- _Assigned task_
When you copy the data, keep every line exactly as written and skip the pictures.

═══ Dataset excerpt ═══

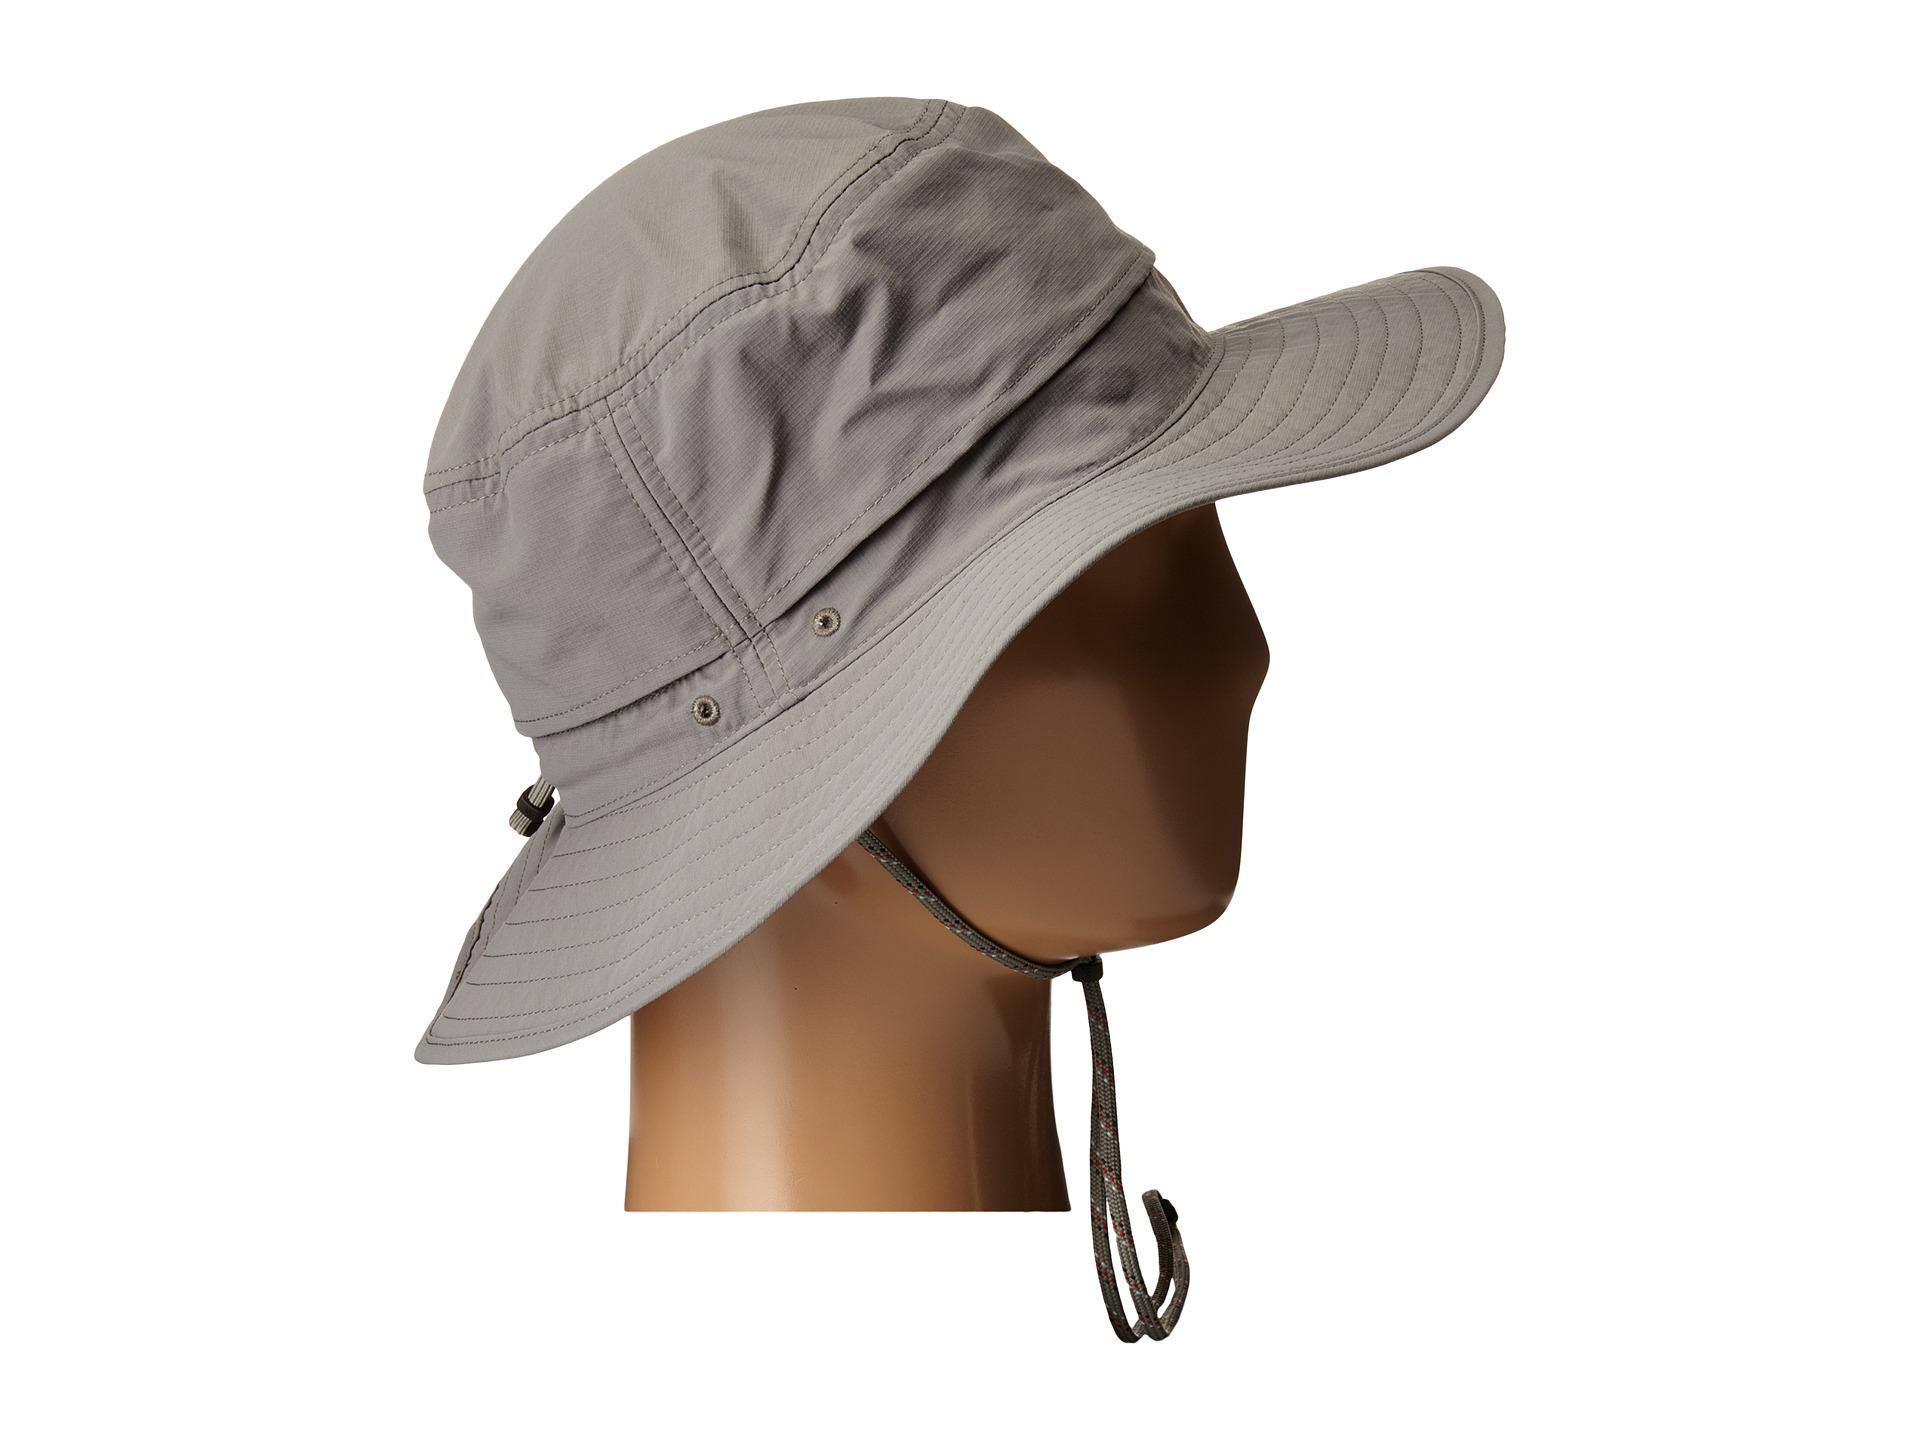 b9576d063 Men's Gray Horizon Breeze Brimmer Hat
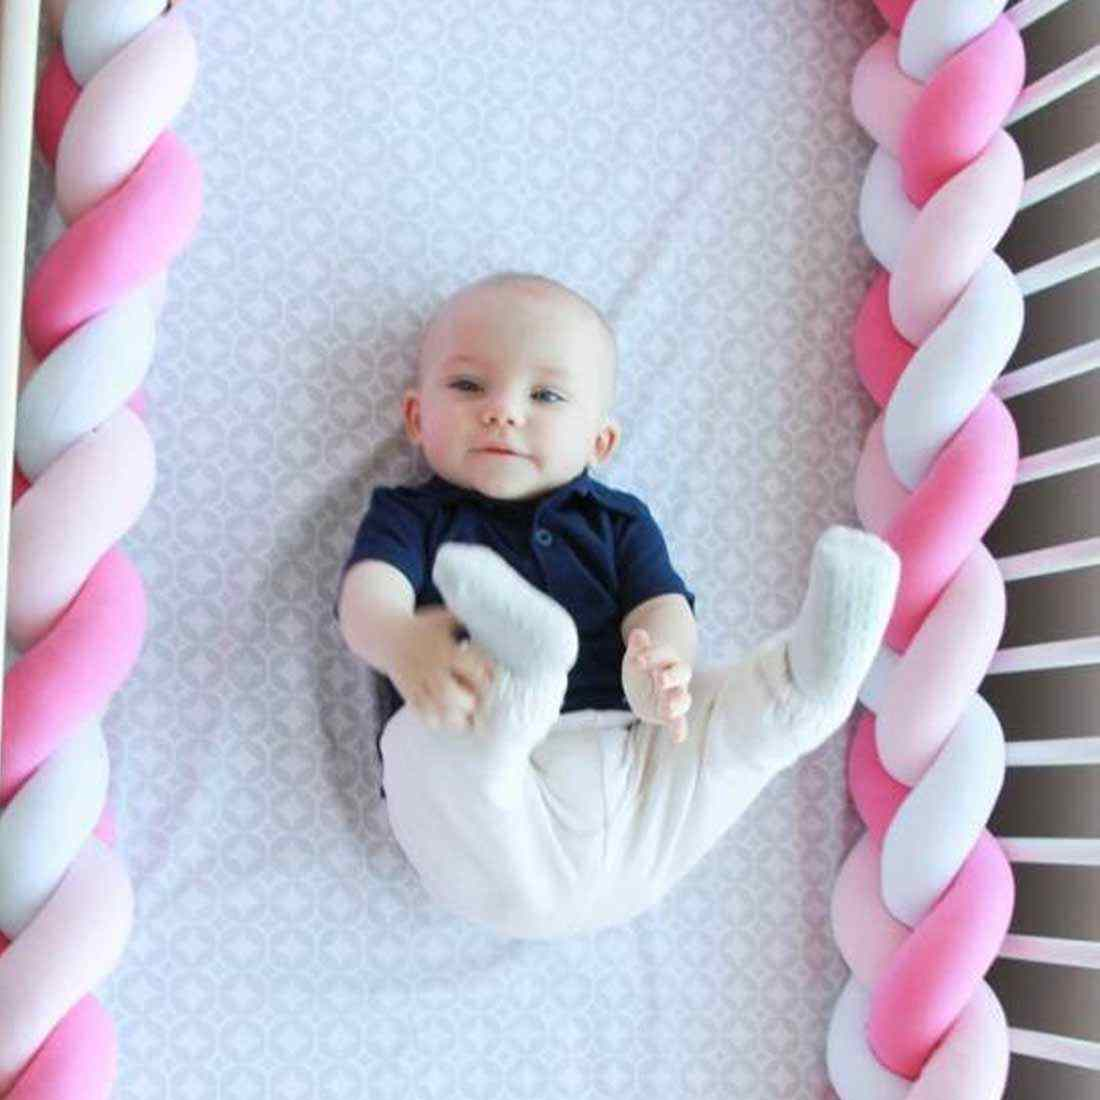 1 M/2 M/3 M תינוק בעבודת יד קשר יילוד מיטת פגוש ארוך מסוקס צמת כרית תינוק מיטה פגוש קשר עריסה תינוקות חדר דקור
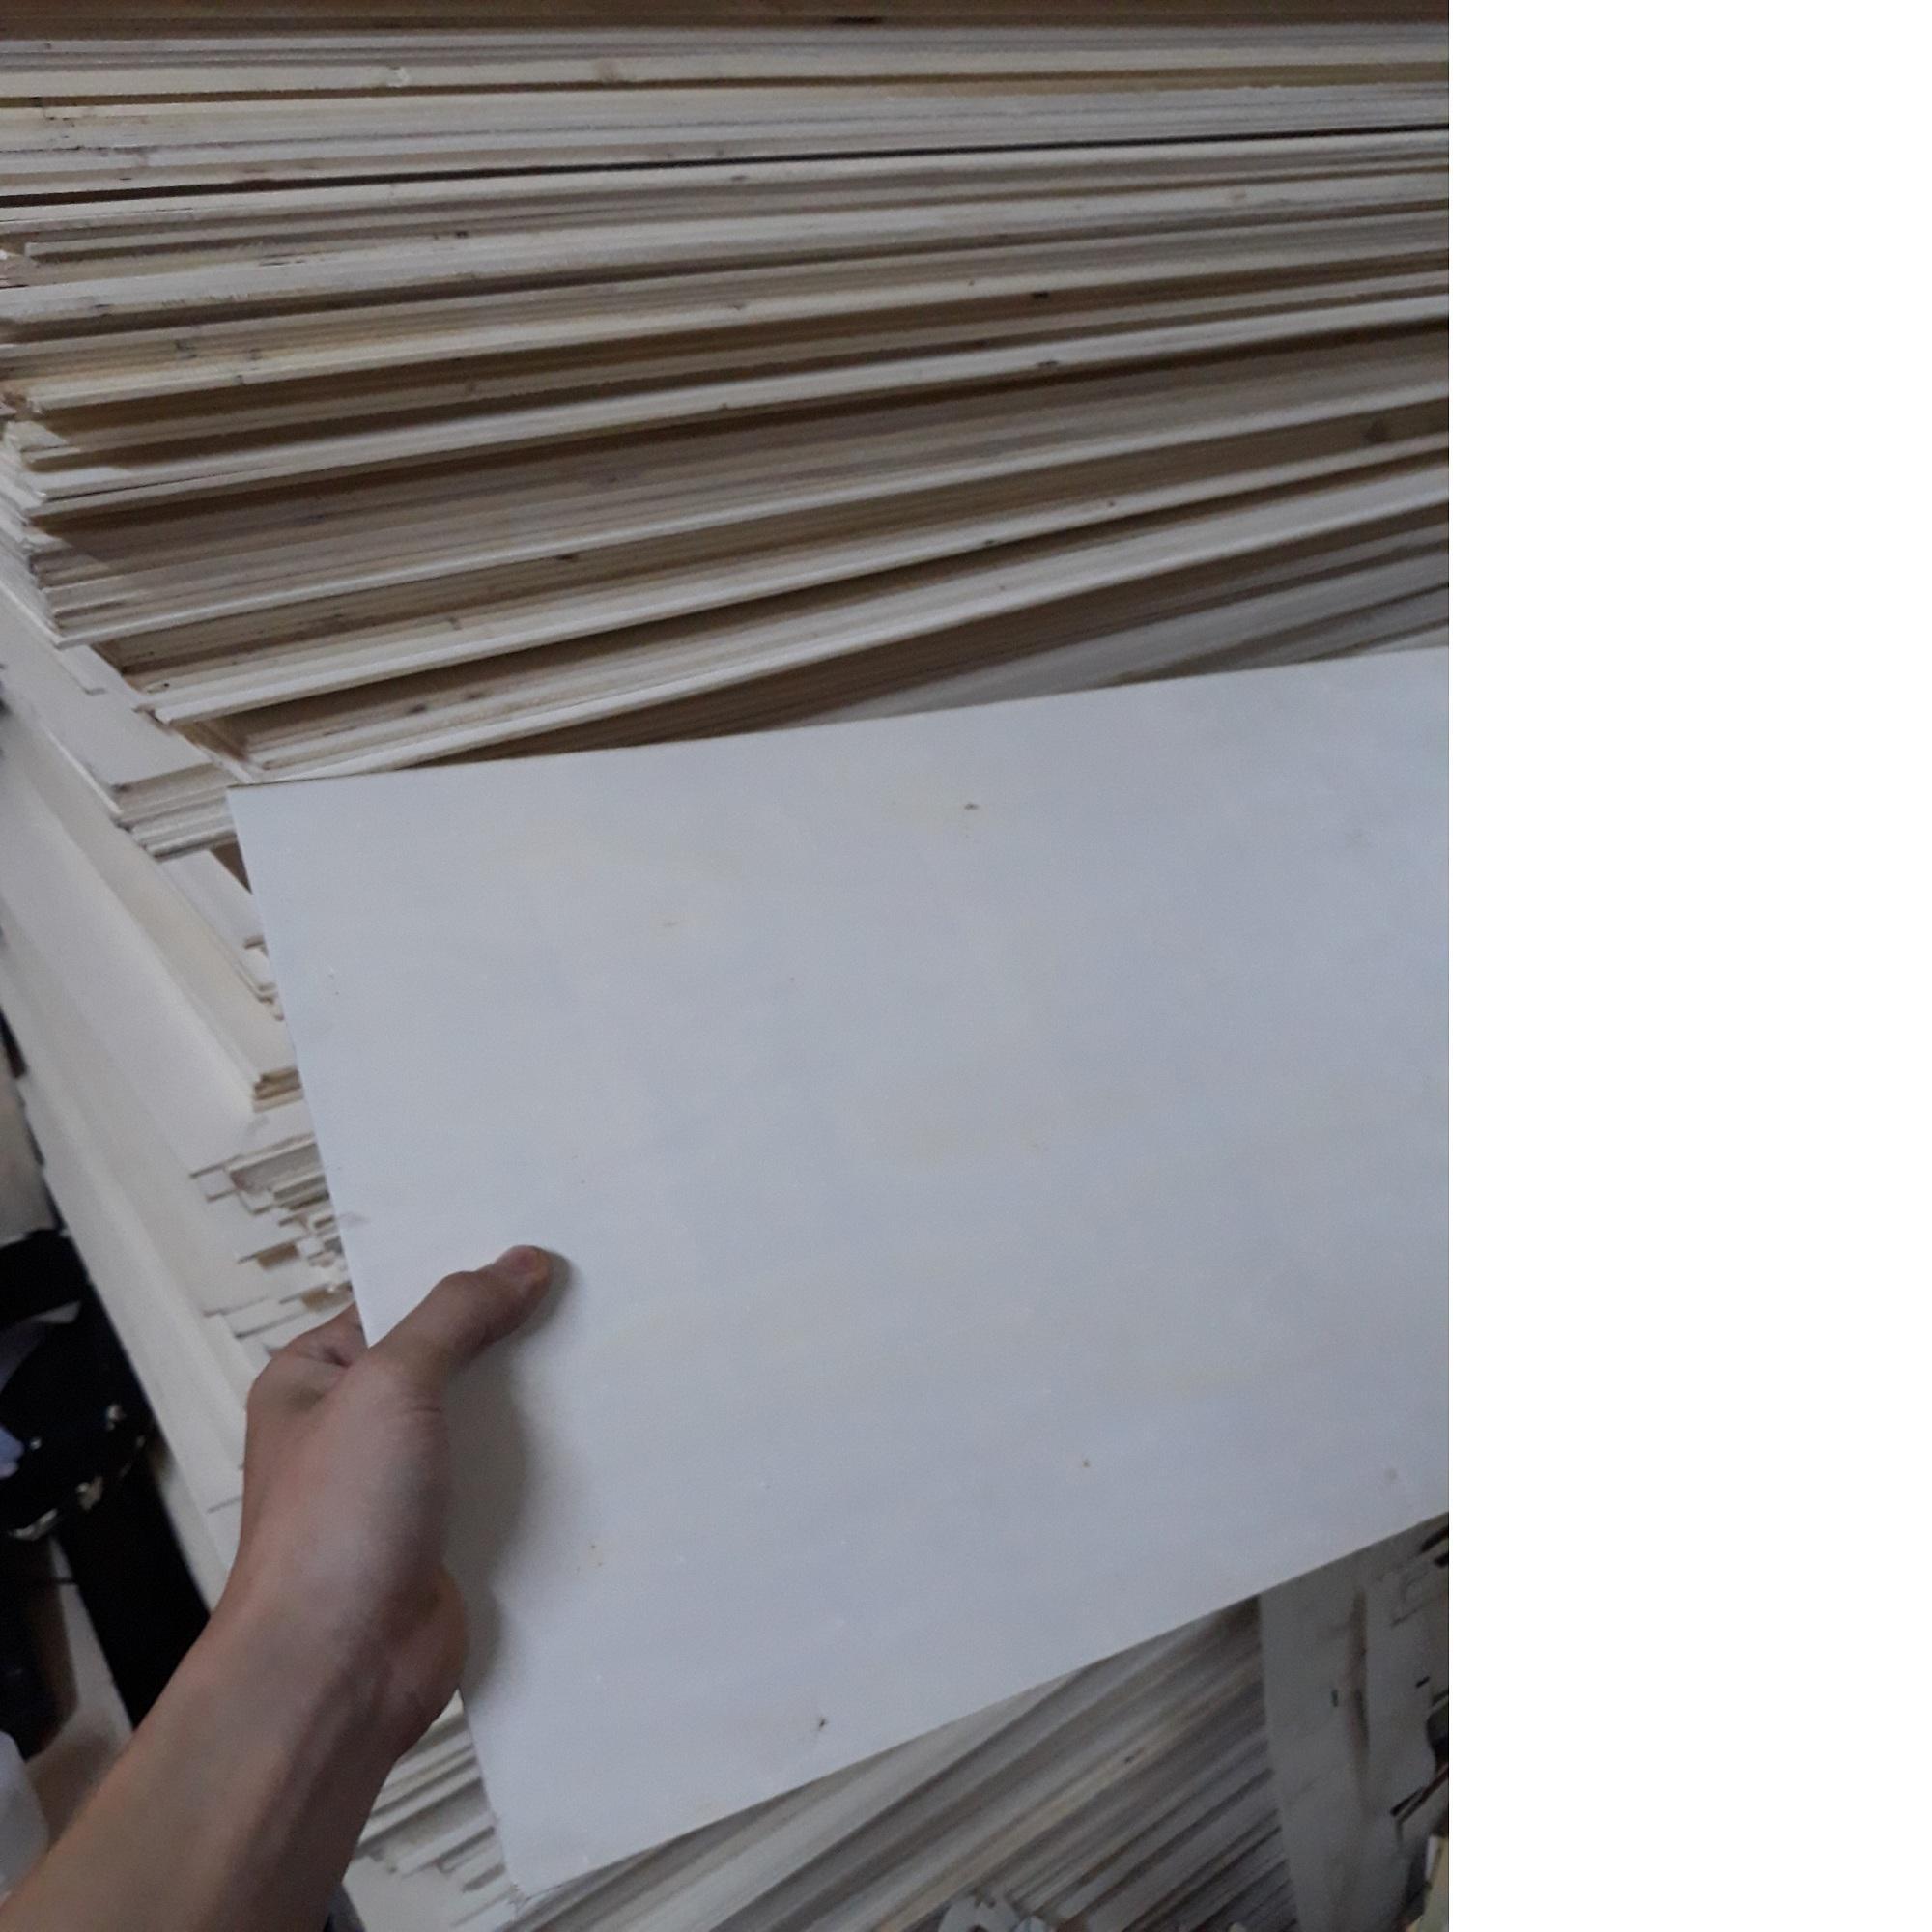 Mua Gỗ diy gỗ trắng 2 mặt 2 tấm 300x600x3mm

═══

- _Exercise solution_
 b9576d063 Men's Gray Horizon Breeze Brimmer Hat
 1 M/2 M/3 M תינוק בעבודת יד קשר יילוד מיטת פגוש ארוך מסוקס צמת כרית תינוק מיטה פגוש קשר עריסה תינוקות חדר דקור
 Mua Gỗ diy gỗ trắng 2 mặt 2 tấm 300x600x3mm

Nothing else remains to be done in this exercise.